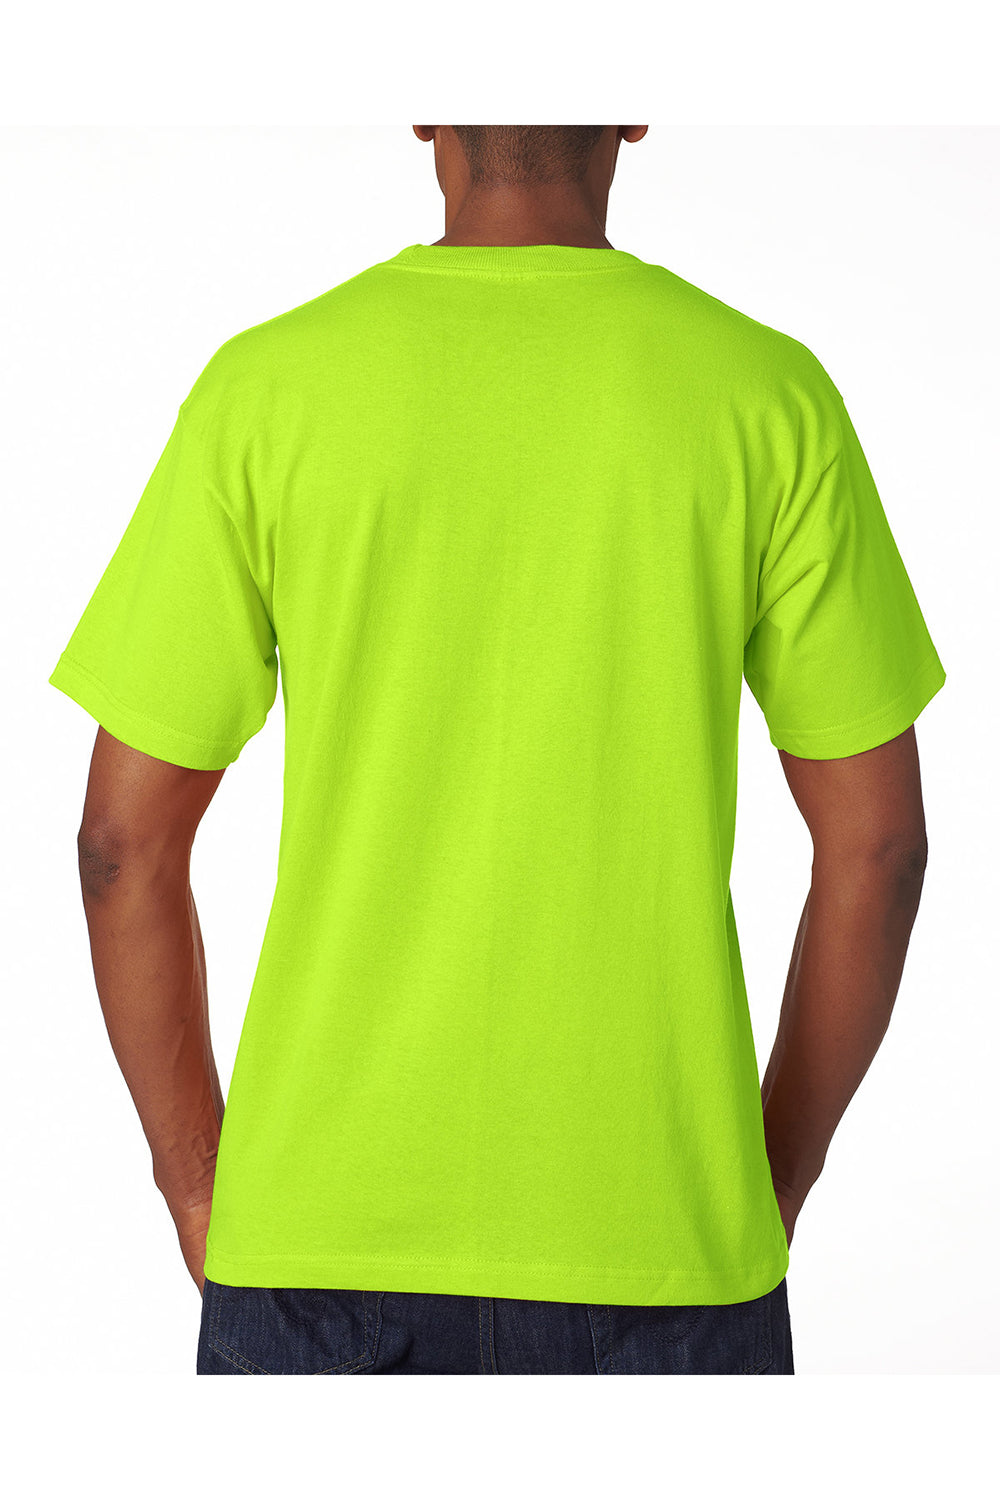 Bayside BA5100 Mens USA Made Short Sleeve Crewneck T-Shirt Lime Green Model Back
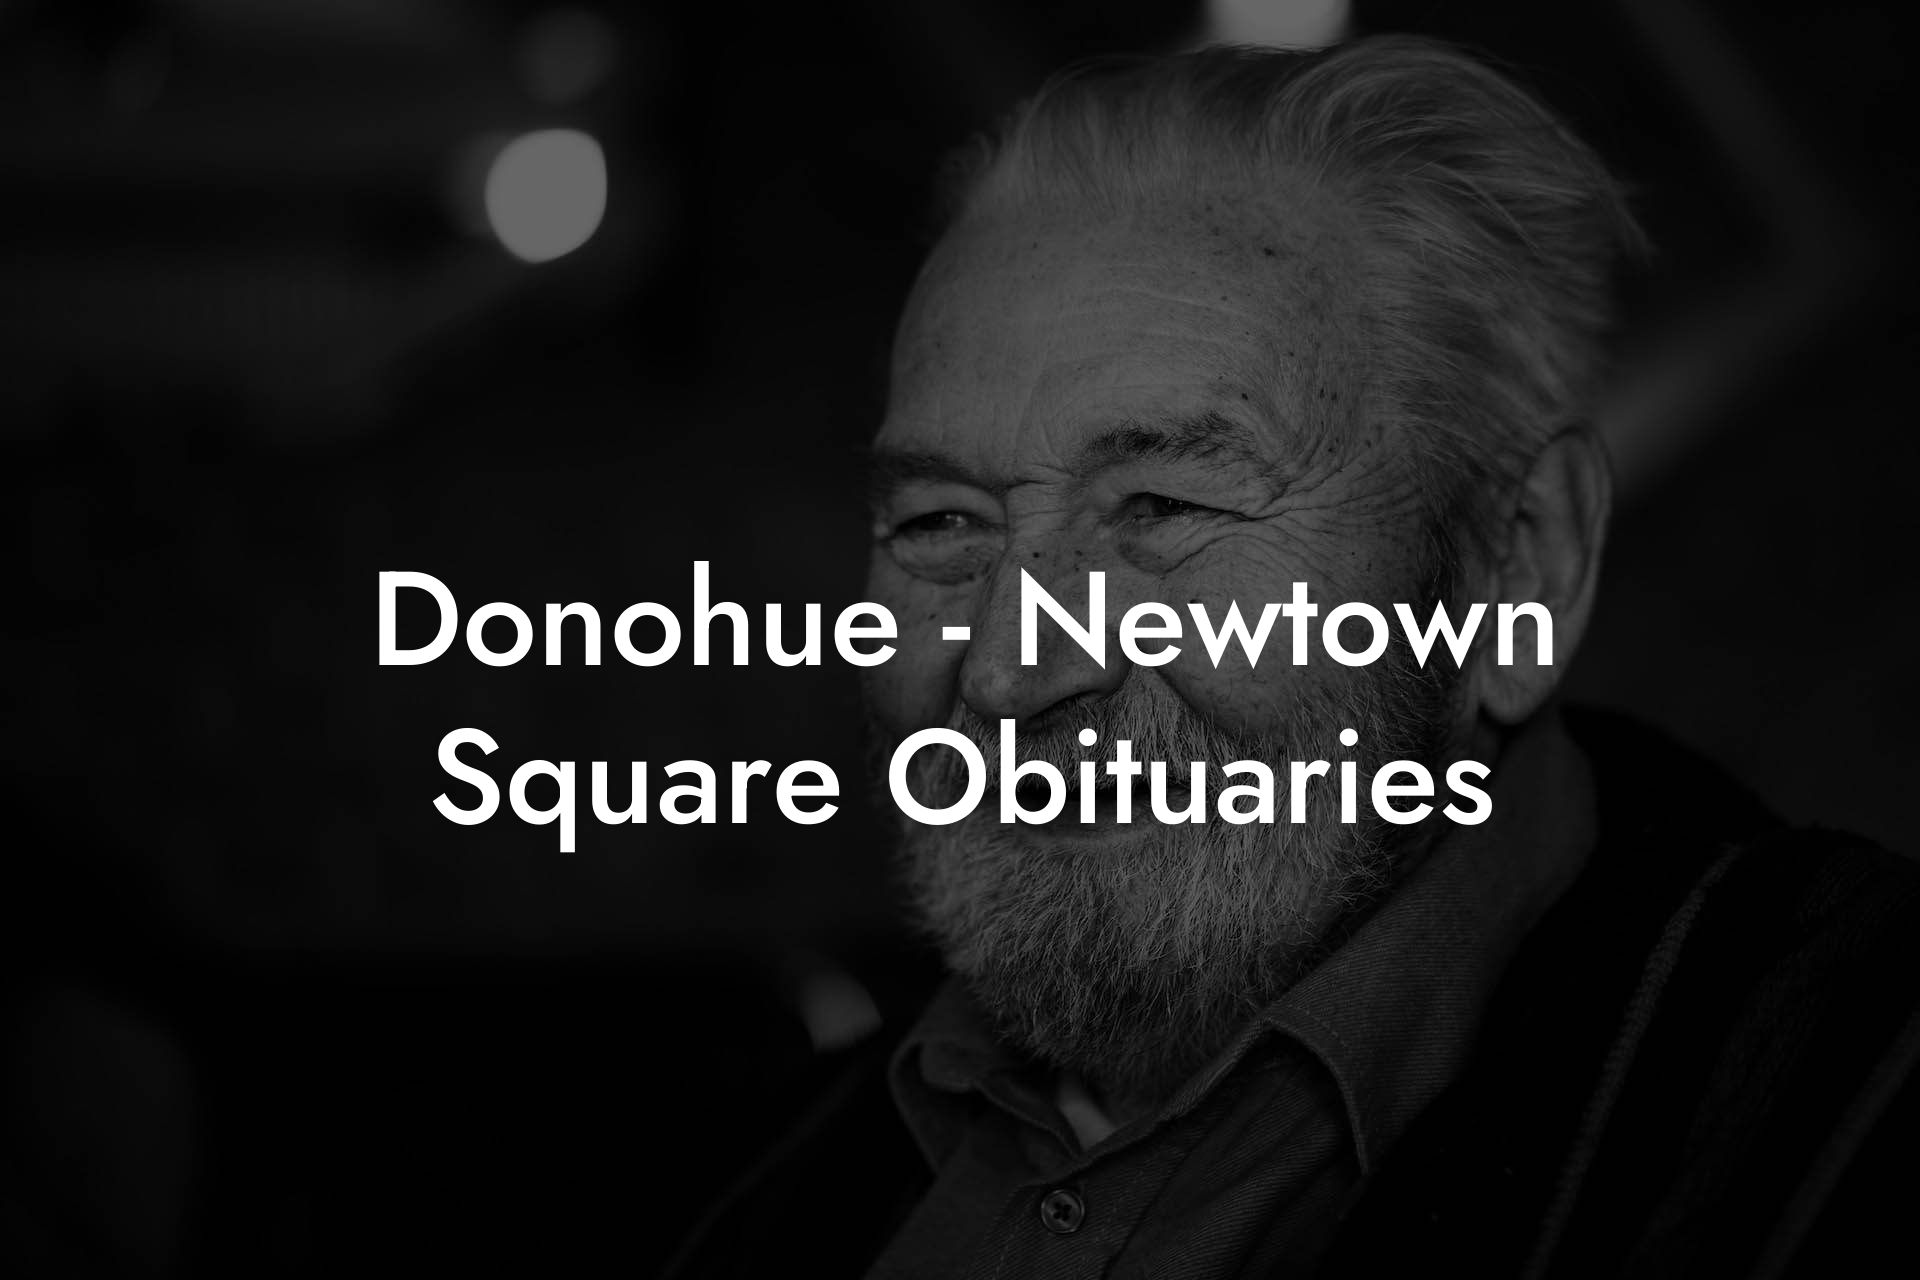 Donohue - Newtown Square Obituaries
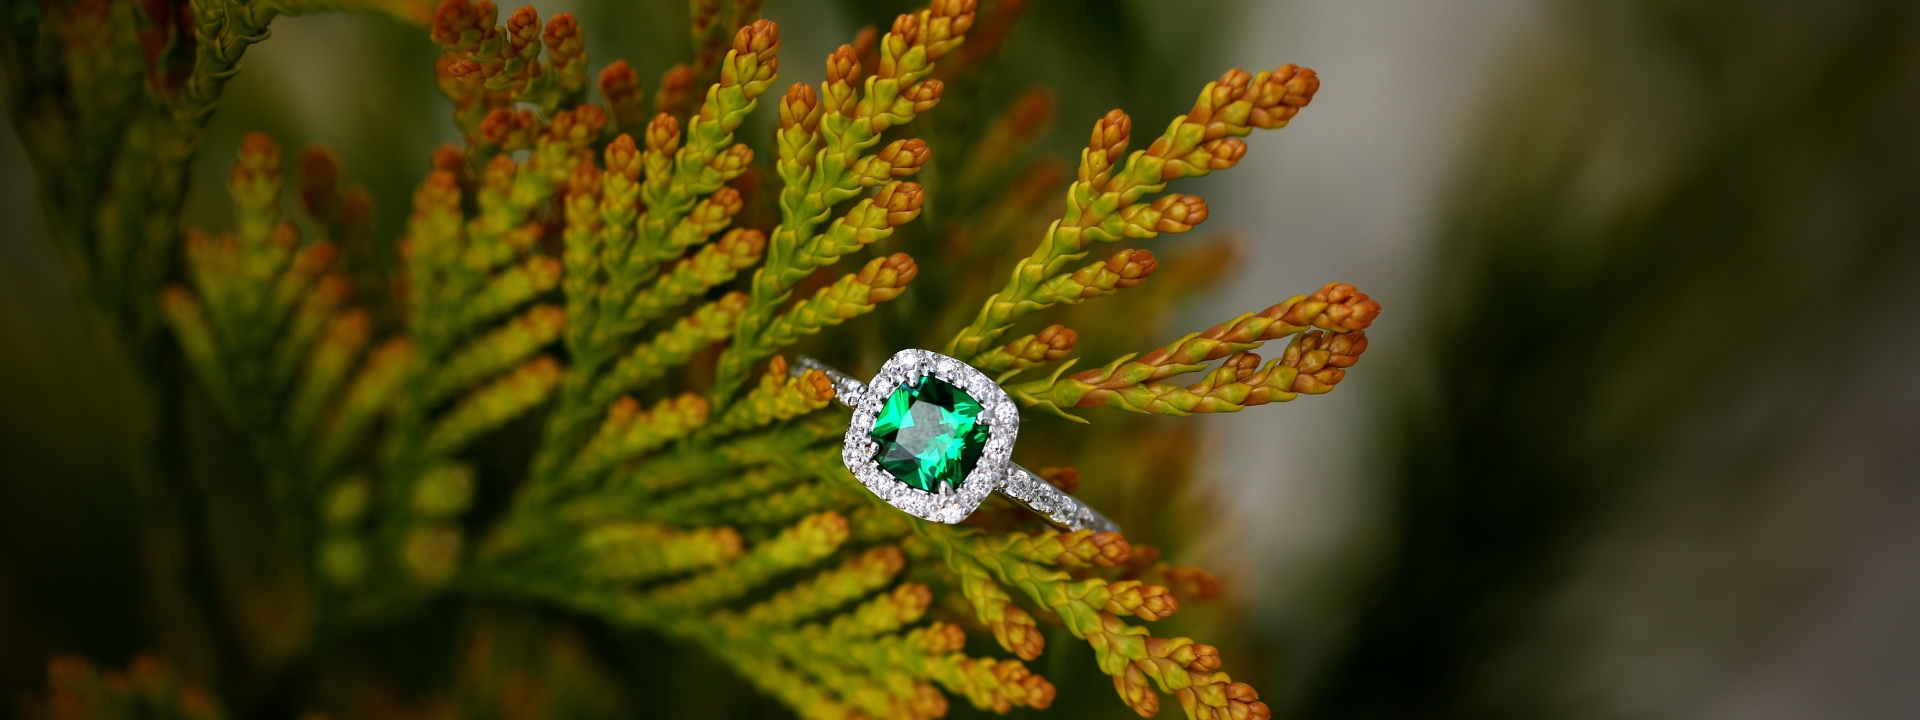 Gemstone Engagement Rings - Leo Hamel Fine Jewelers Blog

----------

Exercise instructions: All lines from the one containing "Donohue - Newtown Square Obituaries" through the end of the data are to be restated exactly, with nothing else and without the pictures.

Answer space:
 Donohue - Newtown Square Obituaries
 Gemstone Engagement Rings - Leo Hamel Fine Jewelers Blog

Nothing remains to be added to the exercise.